Голодный, озябший и пропахший окурками, Лесик стал хныкать из всех своих медвежоночьих сил. Его никто не слушал и не слышал. За окном визгливым голосом пела циркулярка, хлопали, как из ружья, доски, рычали автомашины-лесовозы, громыхали бревна. И люди, стараясь перекрыть этот лесоскладный шум, говорили криком. Где уж тут услышать голос маленького медвежонка!
А потом его повезли в город. При этом двое спорили. Мужчина говорил:
— Подумаешь, не поевши. А мы, бывает, в лесу, как в занос попадешь или что другое стрясется, — сутки не евши. Приедем и отъедимся за все время. А он, медведь, — не человек.
Женский голос возражал:
— Не медведь он еще, а ребенок. Пусть медвежий, а все равно ребенок. Что вам можно, ему нельзя.

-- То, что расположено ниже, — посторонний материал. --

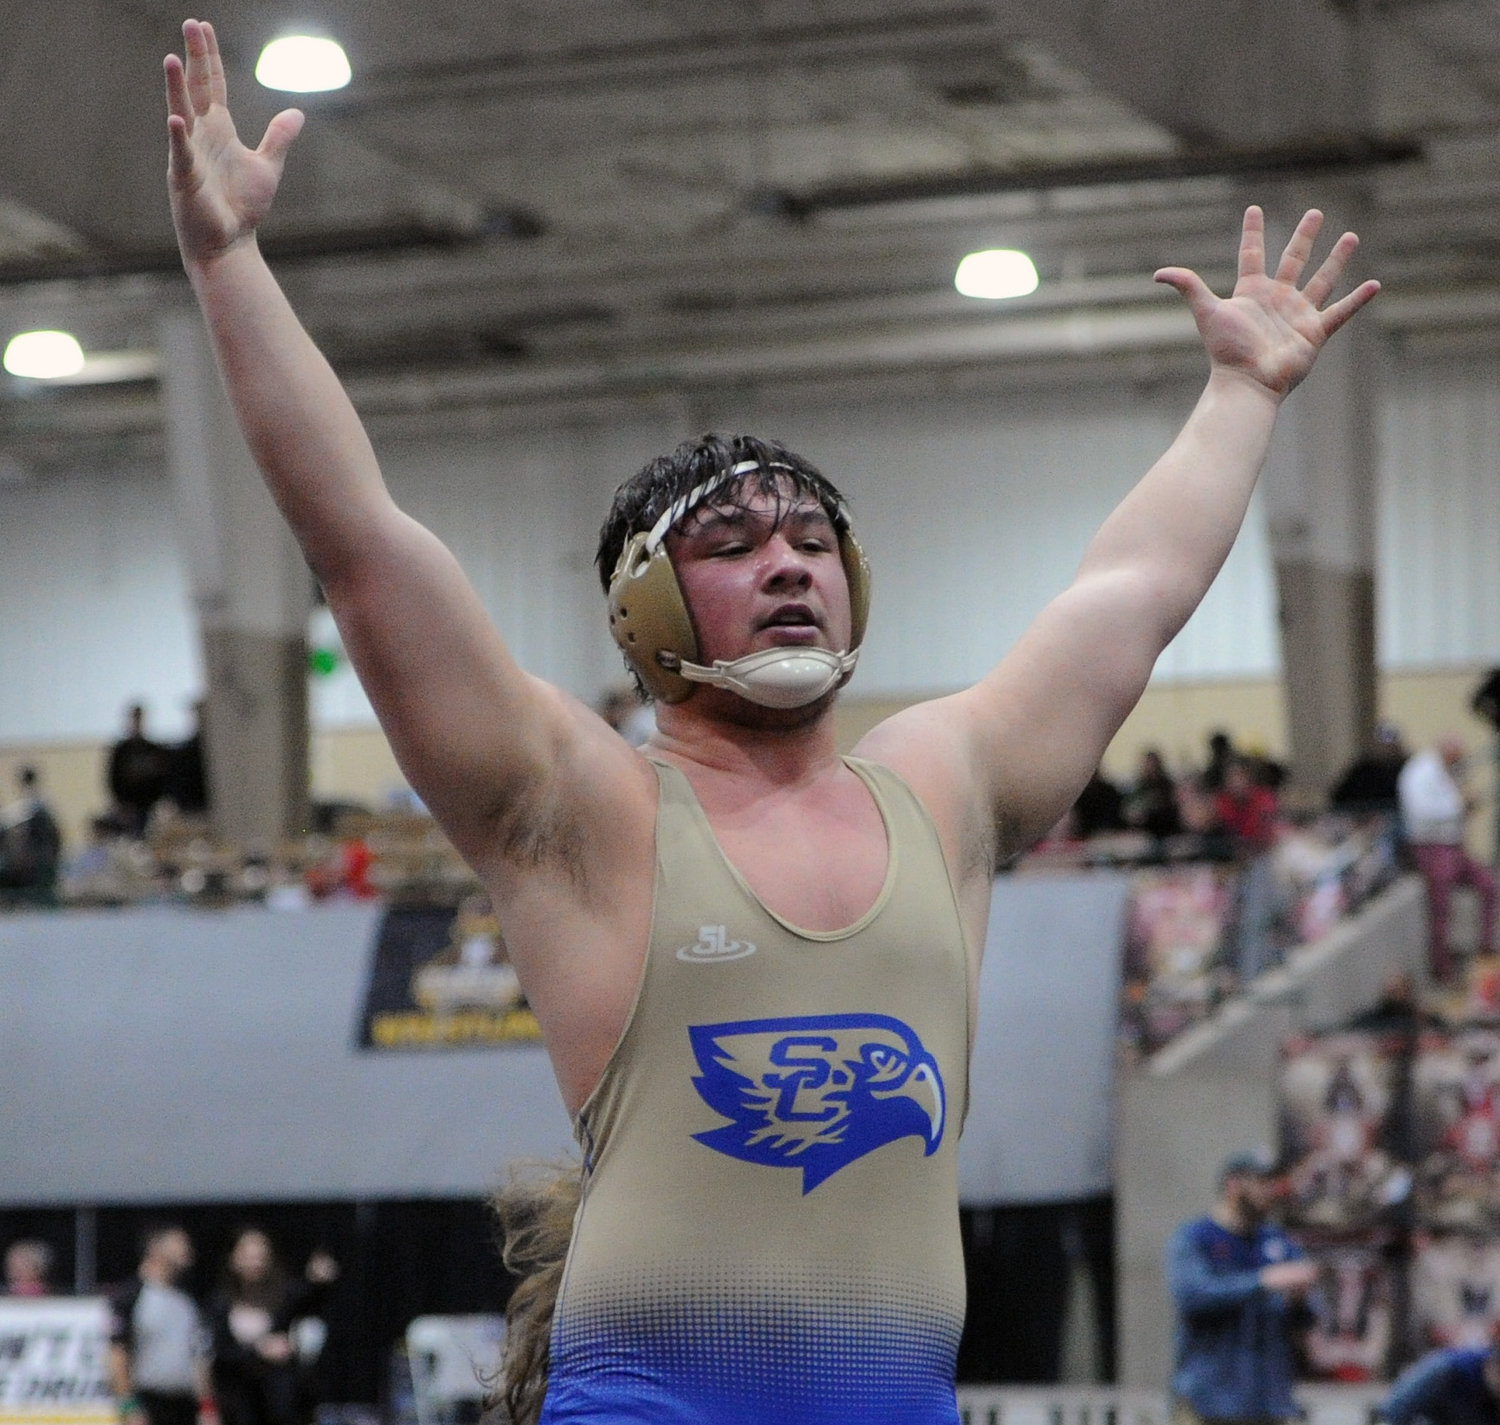 Logan McBee celebrates after he defeats Maryville’s Peyton Cooper in the Class 2A 220-pound weight class match for third place. He won the match in a 5-2 decision.

— Ну, не подвезли еще молока! — криком ответил мужчина. — А начальство приказало — вези медведя. Ты мне не указуй!
Голоса эти так пугали Лесика, что он и хныкать перестал — притаился. Ох и горько же ему было, не приученному еще к тому, что жизнь — это не только мамино тепло и молоко, но и нечто другое, иногда жесткое, колючее, холодное, горькое и злое.
Так его и увезли с лесосклада некормленого. Правда, Маша, которая просила подождать, пока привезут молоко, положила рядом с Лесиком белую булку. Она даже накрошила этот хлеб, поднесла к мордочке медвежонка и сказала: «Ешь, дурачок». Но что с того? Медвежонок не умел есть. Он и пить-то еще не научился — сосал только.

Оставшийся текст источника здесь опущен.